Two-dimensional lamellar nanosheet membranes with intrinsic size-sieving nanopores for ultrafast hydrogen separation

Hydrogen separation and purification are essential for the large-scale application of green hydrogen energy. Two-dimensional (2D) material-based membrane technology provides an energy-efficient approach; however, the existing 2D lamellar membranes and nanoporous membranes struggle with low permeability and complex preparation procedures. Here, we constructed 2D lamellar nanosheet membranes with intrinsic size-sieving nanopores by assembling nanoporous polymeric carbon nitride (PCN) nanosheets into a lamellar membrane.

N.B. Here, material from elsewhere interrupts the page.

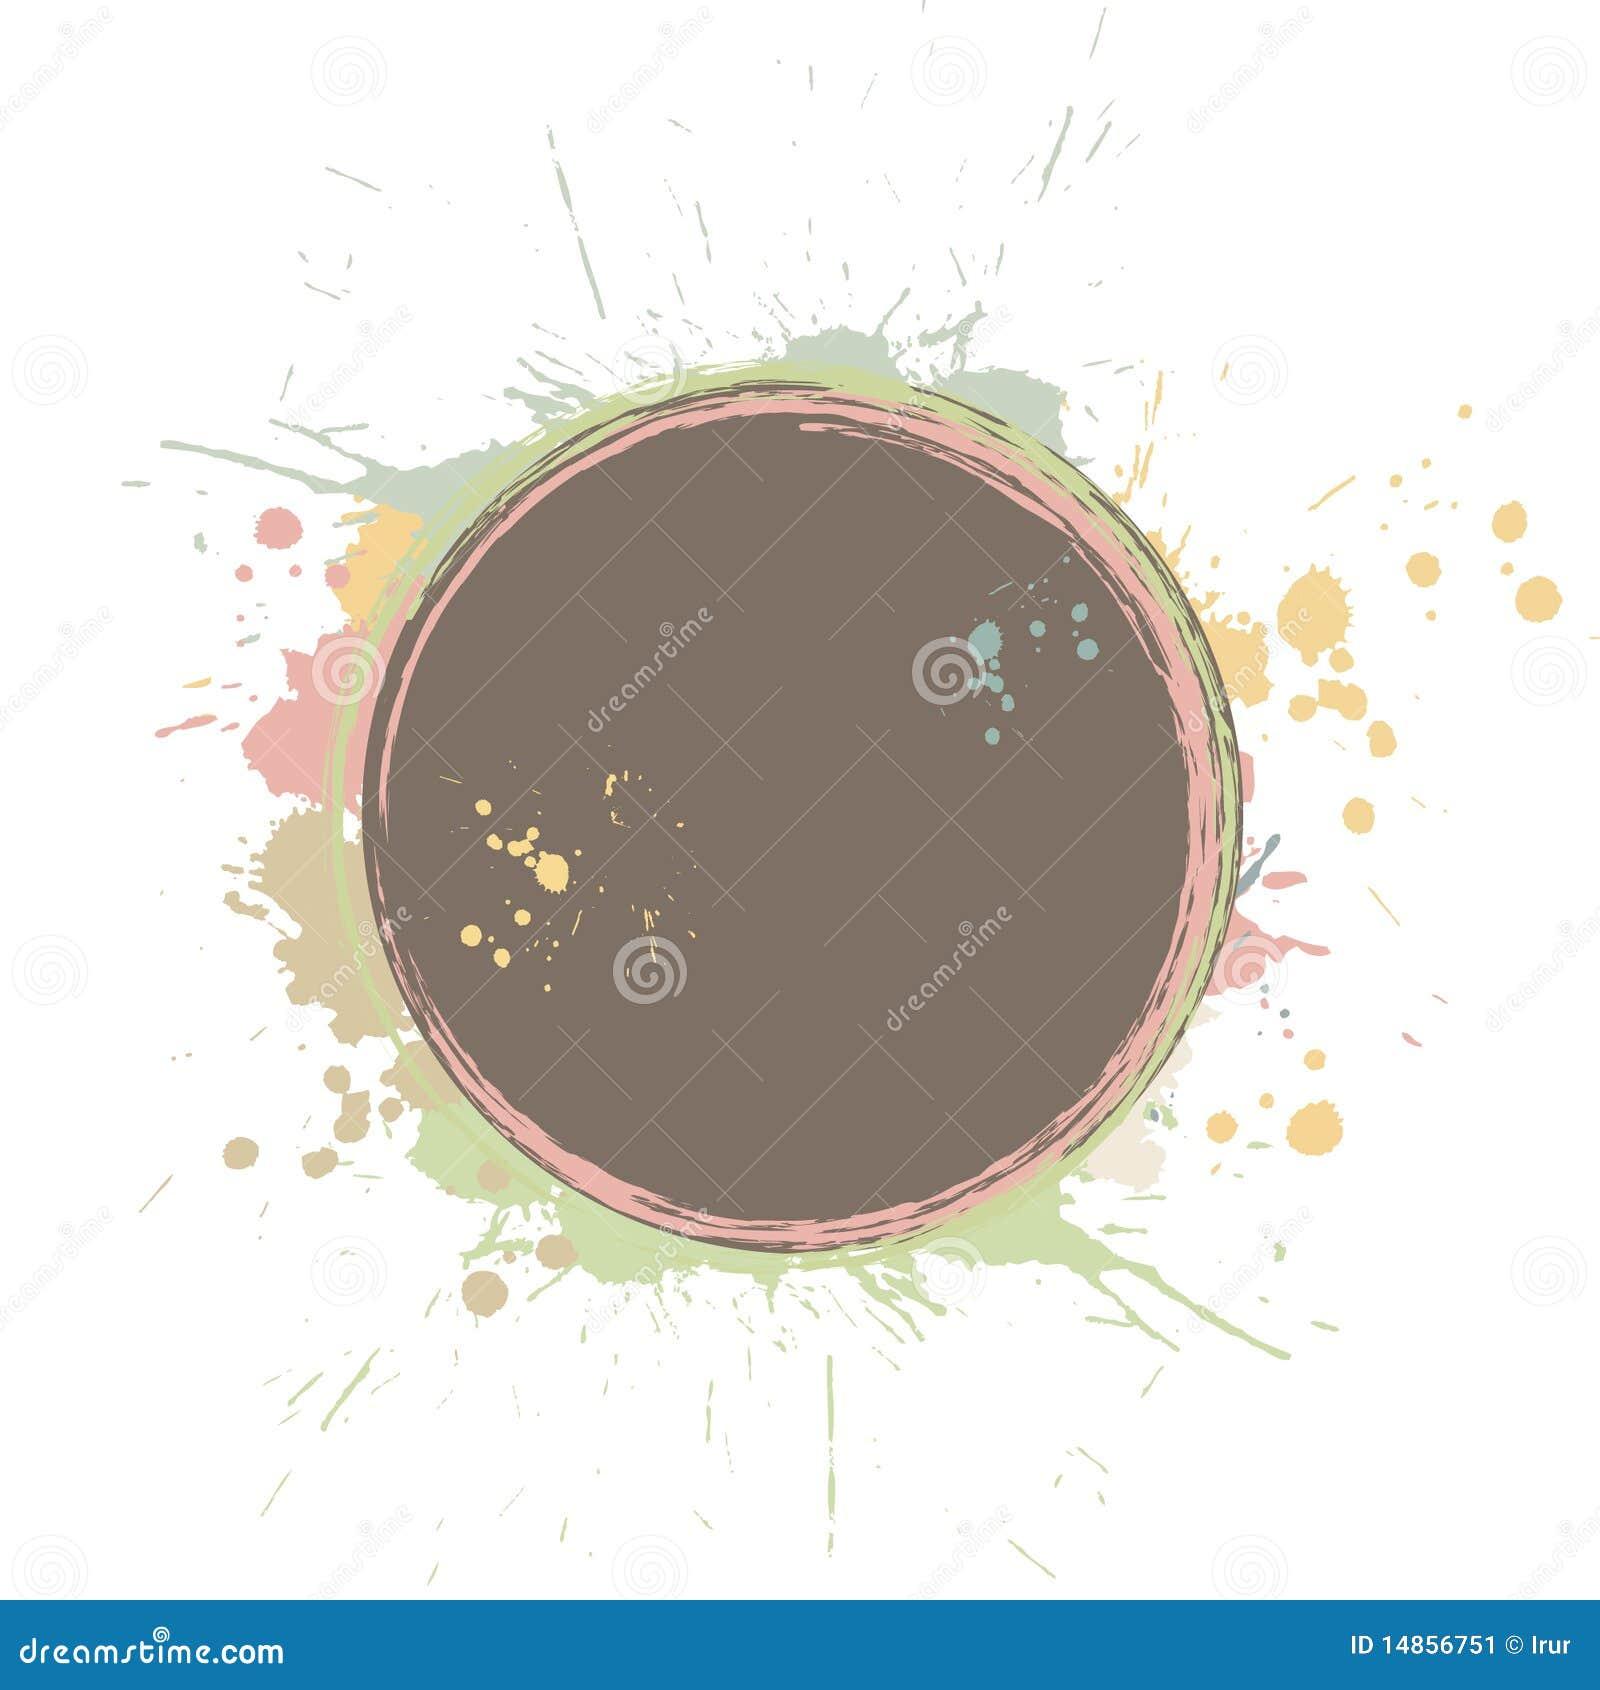 Grunge circle with splashes

These membranes exhibit high selectivity and permeance and ease of preparation. By applying MXene as the strong interaction patch for covering and repairing defects on PCN nanosheets, the resultant membranes demonstrated an ultrahigh H 2 permeance of 870 to 8046 GPU, considerable selectivity, and superior long-term stability, outperforming most current state-of-the-art membranes. Economic analysis revealed that MXene/PCN membranes achieved ultralow energy consumption and minimal membrane area demands for practical applications. This study inspires the construction of 2D lamellar membranes with intrinsic nanopores and provides a simple and scalable approach to preparing high-performance 2D nanosheet membranes for hydrogen separation.